VisXplore is an R package for interactive data preprocessing and variable selection across mixed variable types. It computes pairwise correlations and associations for numeric, nominal (factor), and ordinal variables and visualizes the results as a network plot. It supports real-time data preprocessing and presents important information for variable selection.
VisXplore offers both a code-forward S3 API for use in R scripts and notebooks, and an optional Shiny app for interactive exploration.
Installation
You can install the development version of VisXplore from GitHub with:
# install.packages("devtools")
devtools::install_github("CU-Anschutz-GMWG/VisXplore")Pairwise association
The core function pairwise_cor() computes a pairwise association matrix for all variables in a data frame.

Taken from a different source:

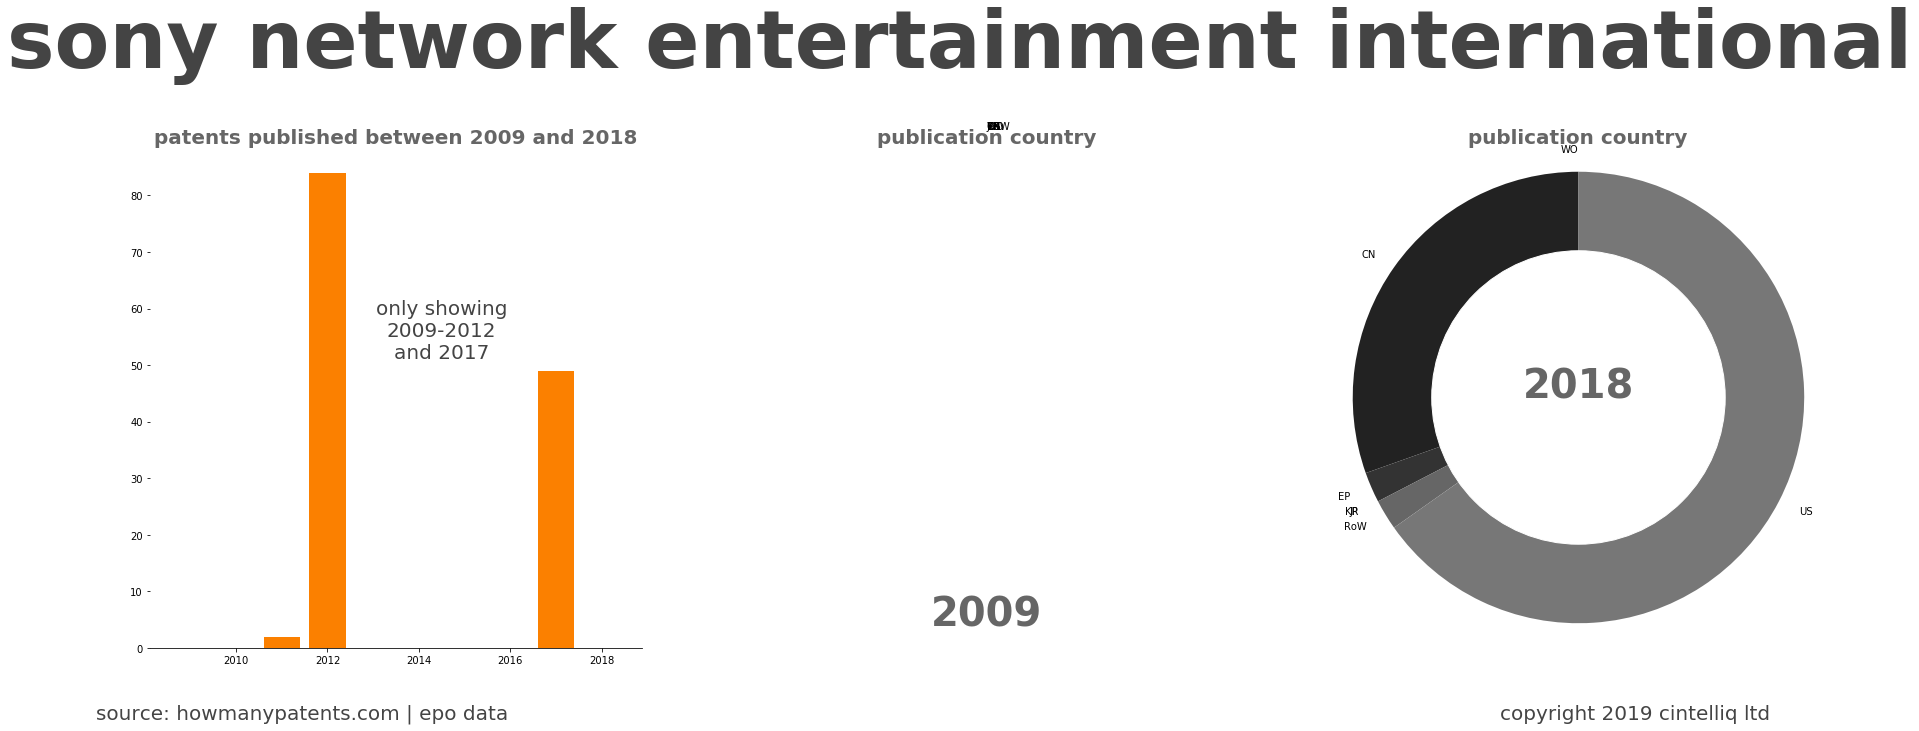 summary of patents for Sony Network Entertainment International

The association measure depends on the variable types involved:
| Variable pair | Measure |
|---|---|
| Numeric vs. numeric | Spearman rho |
| Factor vs. any | Pseudo R-squared (multinomial regression) |
| Ordinal vs. ordinal/numeric | Goodman-Kruskal gamma |
library(VisXplore)
result <- pairwise_cor(mtcars)
result
#> Pairwise associations for 11 variables (11 numeric)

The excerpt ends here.